Navigating the Securities and Exchange Commission’s Latest Amendments

March 25, 2024 | Insights



By Taylor Holcomb

The Securities and Exchange Commission recently amended its rules to standardize and enhance the climate-related information public companies must include in registration statements and annual reports. The SEC projects that annual compliance costs could approach $1,000,000. As approved, the rule will require public companies to spend time and money—sooner rather than later—implementing processes to gather and report the required information.

Background

Over a decade ago, the SEC issued guidance on how its existing rules may require a public company to disclose climate-related risks and impacts on its business or financial condition. Since then, the SEC has noted that climate-related disclosure practices have been inconsistent, and that many companies have been reporting climate-related information outside of SEC filings (such as in sustainability reports). The SEC reports the rule is to respond to investor demands for enhanced and standardized climate-related reporting in registration statements and annual filings.

Rule

As finalized, the SEC is requiring public companies to begin reporting the following information:

  • Descriptions of any climate-related risks that have materially impacted or are reasonably likely to have a material impact on the registrant, including on its strategy, results of operations, and financial condition, as well as the actual or potential material impacts of those same risks on its strategy, business model, and outlook.
  • Any plans to mitigate or adapt to a material climate-related risk or use of transition plans, scenario analysis, or internal carbon prices to manage a material climate-related risk.
  • Any oversight by the registrant’s board of directors of climate-related risks and any role by management in assessing and managing material climate-related risks.
  • A description of any processes the registrant uses to assess or manage material climate-related risks.
  • Any targets or goals that have materially affected or are reasonably likely to materially affect the registrant’s business, results of operations, or financial condition.
  • Scope 1 emissions (a company’s own emissions) and/or Scope 2 emissions (emissions from third parties providing electricity and other energy power sources to a company) on a phased in basis by certain larger registrants when those emissions are material, and the filing of an attestation report covering the required disclosure of such registrants’ Scope 1 and/or Scope 2 emissions, also on a phased in basis.
  • Financial statement effects of severe weather events and other natural conditions, including costs and losses.

Legal Challenges

The SEC’s 2022 proposal drew significant interest – over 4,500 substantive public comments – from across the spectrum of industry, government, academia, and non-governmental organizations. The final rule has drawn significant interest as well. Since the SEC finalized the rules on March 6, a number of lawsuits challenging the rule have been filed by state attorneys general and energy companies. In response to a lawsuit filed by Liberty Energy, Inc., the Fifth Circuit Court of Appeals on March 15 temporarily blocked the SEC from implementing the new rule.  In its brief requesting that relief, Liberty advanced the following arguments:

  • The Rule Violates the Major Questions Doctrine. Courts expect Congress to “speak clearly” when it intends to confer on an agency decisions of “vast economic and political significance.” Here, an investor protection agency has imposed a rule with an environmental bent (climate change) that will impose over material compliance costs across a wide range of companies. Congress has conferred jurisdiction over environmental matters to the Environmental Protection Agency, and in fact, the Environmental Protection Agency already requires both public and private companies to monitor and report greenhouse gas emissions, calling into question whether Congress has clearly authorized the SEC to promulgate a climate-related reporting rule.
  • The Rule is Arbitrary and Capricious. According to Liberty’s briefing, the SEC justifies the rule on the theory that higher temperatures, droughts, and exposure to physical climate risk all reduce company revenues and that there is supposedly a relationship between climate information and asset pricing. But the SEC’s administrative record on this point is suspect.
  • The Rule Violates the First Amendment. According to Liberty’s briefing, climate change is a politically charged matter, and so is whether emissions and climate change are material to corporate performance. Liberty argues that the First Amendment prohibits the government from seeking disclosure of political issues under the guise of investor disclosure requirements.

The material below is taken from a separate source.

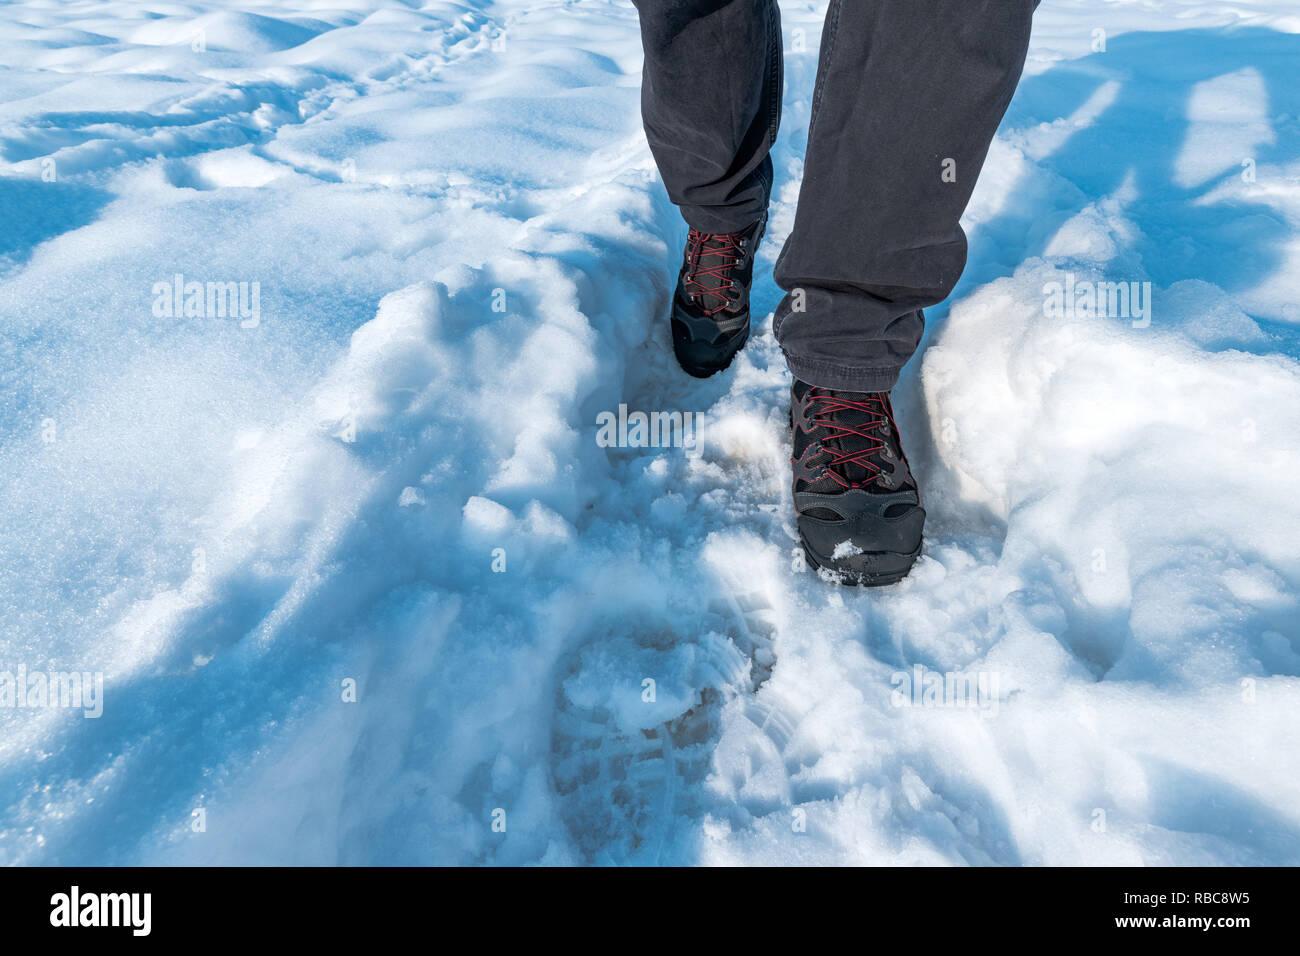 Hombre caminando en la nieve, senderismo y trekking en invierno Foto de stock
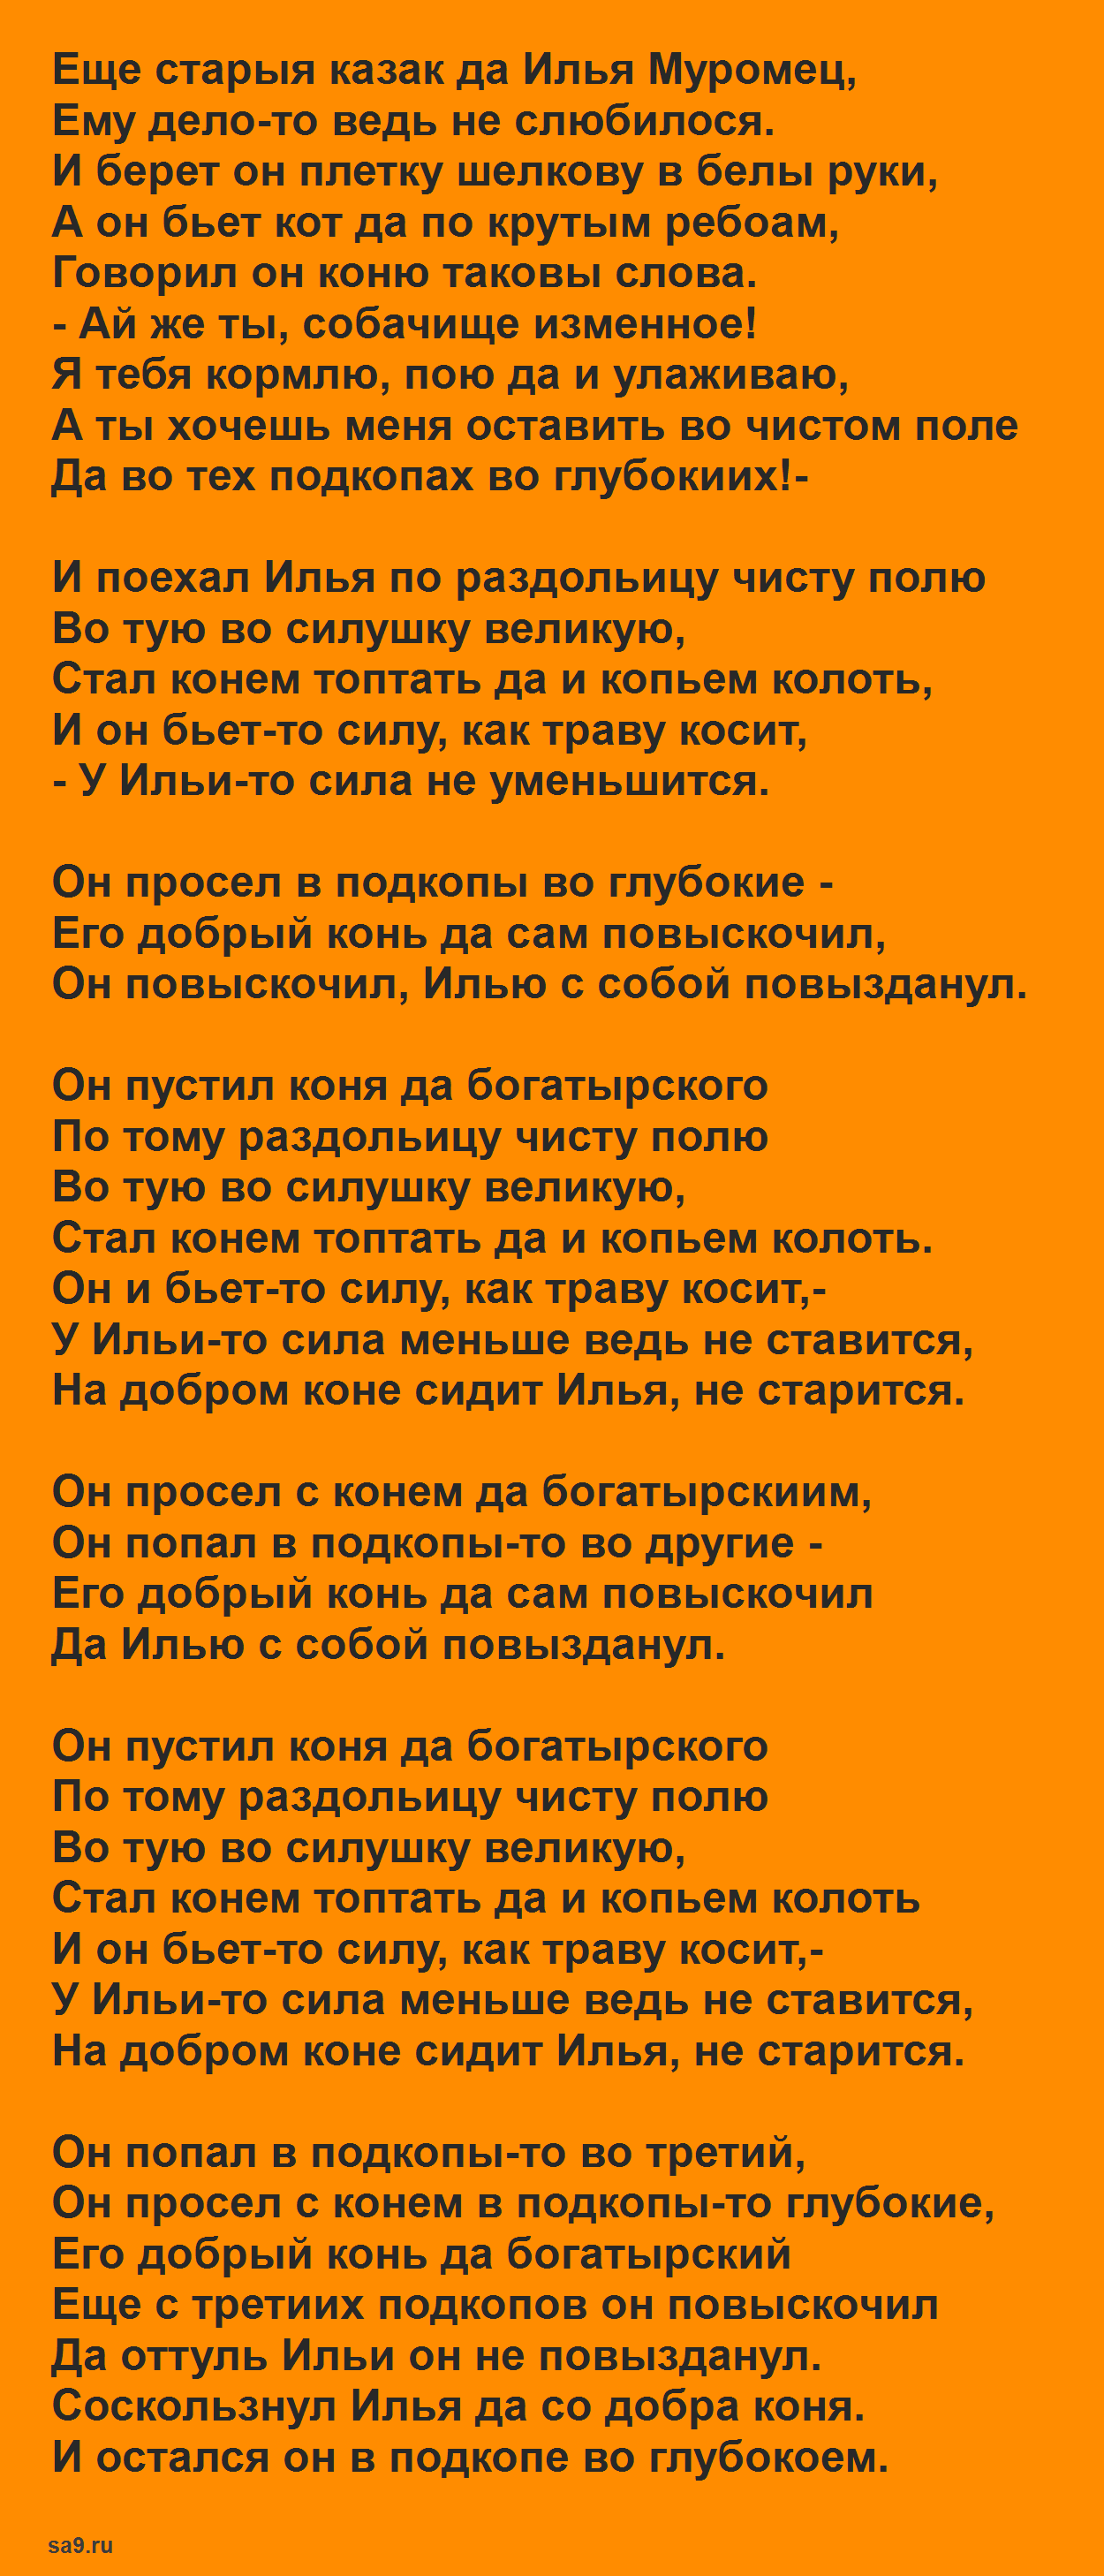 Читаем русскую народную былину - Илья Муромец и Калин царь

Without any discussion of these arguments, the Fifth Circuit granted Liberty’s request, which temporarily blocked implementation of the rule while the court conducts further review. Because eight other legal challenges have been filed in five other federal circuit courts, the SEC on March 19 asked that the Judicial Panel on Multidistrict Litigation randomly choose a single federal court to hear the bevy of challenges. On March 21, the Eighth Circuit Court of Appeals was chosen to review the challenges to the rule. And on March 22, with the Eighth Circuit now assigned to review the challenges, the Fifth Circuit dissolved its stay of the rule. Jackson Walker is tracking the latest legal challenge developments.

Next Steps

Especially now that the Fifth Circuit is no longer blocking implementation of the rule, we recommend that public companies start scrutinizing the final rule and thinking through how they will adjust their current practices in order to collect and report this newly required information. If the rule survives legal challenges, climate disclosures won’t be required until 2026, but work will be required in the meantime to meet that 2026 deadline. SEC Commissioner Mark Uyeda, who voted against adopting the rules, stated: “Although companies won’t make climate disclosures until early 2026, designing, testing, and implementing controls and procedures to capture that information must occur well before then.”

Jackson Walker advises a number of companies on the changing landscape surrounding climate change-related regulation and is well-positioned to help companies appropriately consider the SEC’s rule. For more information, please contact Taylor Holcomb.


The opinions expressed are those of the authors and do not necessarily reflect the views of the firm, its clients, or any of its or their respective affiliates. This article is for informational purposes only and does not constitute legal advice. For more information regarding the SEC’s recently amended rules, please contact a member of the Environment & Natural Resources practice.


Meet Taylor

Taylor Holcomb is an energy, environmental, and regulatory attorney. His practice focuses on the development and permitting of domestic energy projects, ensuring compliance with state and federal laws, and defending against claims brought by administrative agencies and environmental activist groups. He has practiced before a variety of federal, state, and local agencies, including the TCEQ, the Texas Railroad Commission, the Public Utility Commission of Texas, the New Mexico Environment Department, and the Environmental Protection Agency.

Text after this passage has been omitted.